Of course, bringing the classroom outdoors was not new to everyone. A handful of schools across the United States have been teaching health and sustainable initiatives outside for years. For example, Healthy Schools Campaign, a non-profit organization that believes that all students should have access to healthy school environments where they can learn and thrive, has been working with one middle school science teacher for quite some time.

At James Wadsworth Elementary School, in Chicago’s Woodlawn neighborhood, Pannha Sann saw a great opportunity for his science class that utilized the school’s public garden. Instead of focusing on large lessons inside, Sann incorporates mini lessons learned out in the garden into what he’s already teaching in the classroom.

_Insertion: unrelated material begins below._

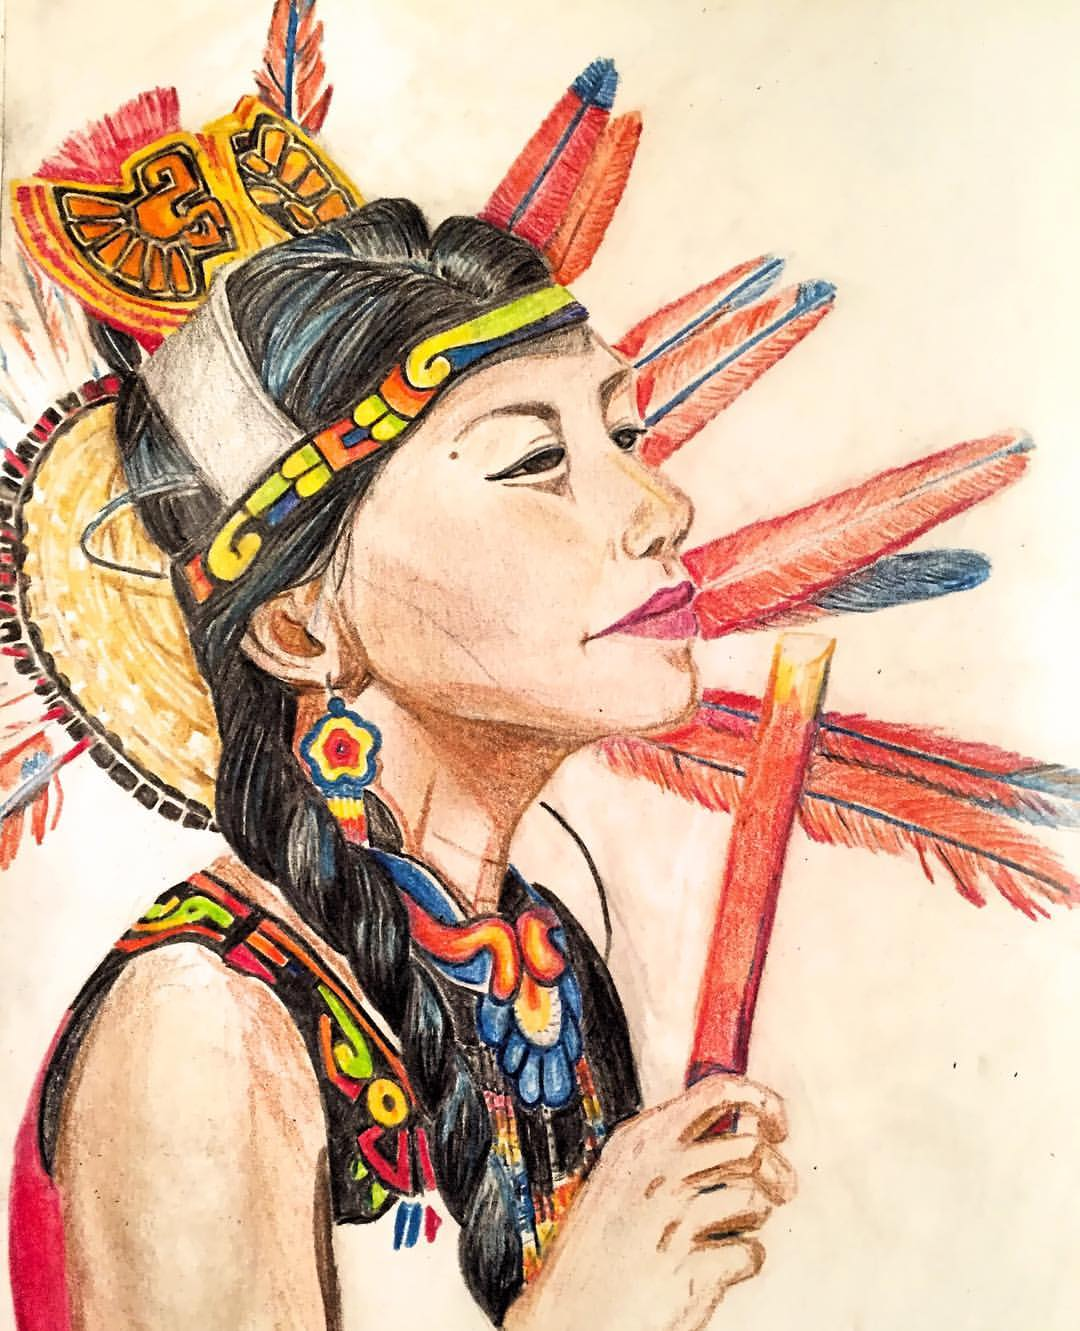 colored pencils in sketchbook, 2016

According to Healthy Schools Campaign, Senn was teaching his 8th grade students a lesson on energy, so they talked about the food growing in the garden as an energy source. His 7th grade students were learning about soil formation and used the garden as a living laboratory. His 6th grade students were learning about cellular respiration, and plants growing in the garden were a great way to bring that subject to life.

In addition to using the gardens as an example for existing lesson plans, students are taught about planting and harvesting foods. Maintaining the gardens teaches them where the food they eat comes from, what grows together, how to keep pests away, seasons for certain foods and more. They are also more accustomed to trying unfamiliar foods that are grown in the gardens.

Senn told Healthy Schools Campaign that “it’s good that these kids see the actual vegetable and see how it works and what it does for you.”

This particular garden program at James Wadsworth Elementary School is made available through a partnership with Healthy Schools Campaign and Openlands, another nonprofit group that is committed to supporting healthy and sustainable programs in schools. This particular program, Space to Grow, helps schools create new outdoor spaces that can be used to promote healthy and sustainable instruction during the school day.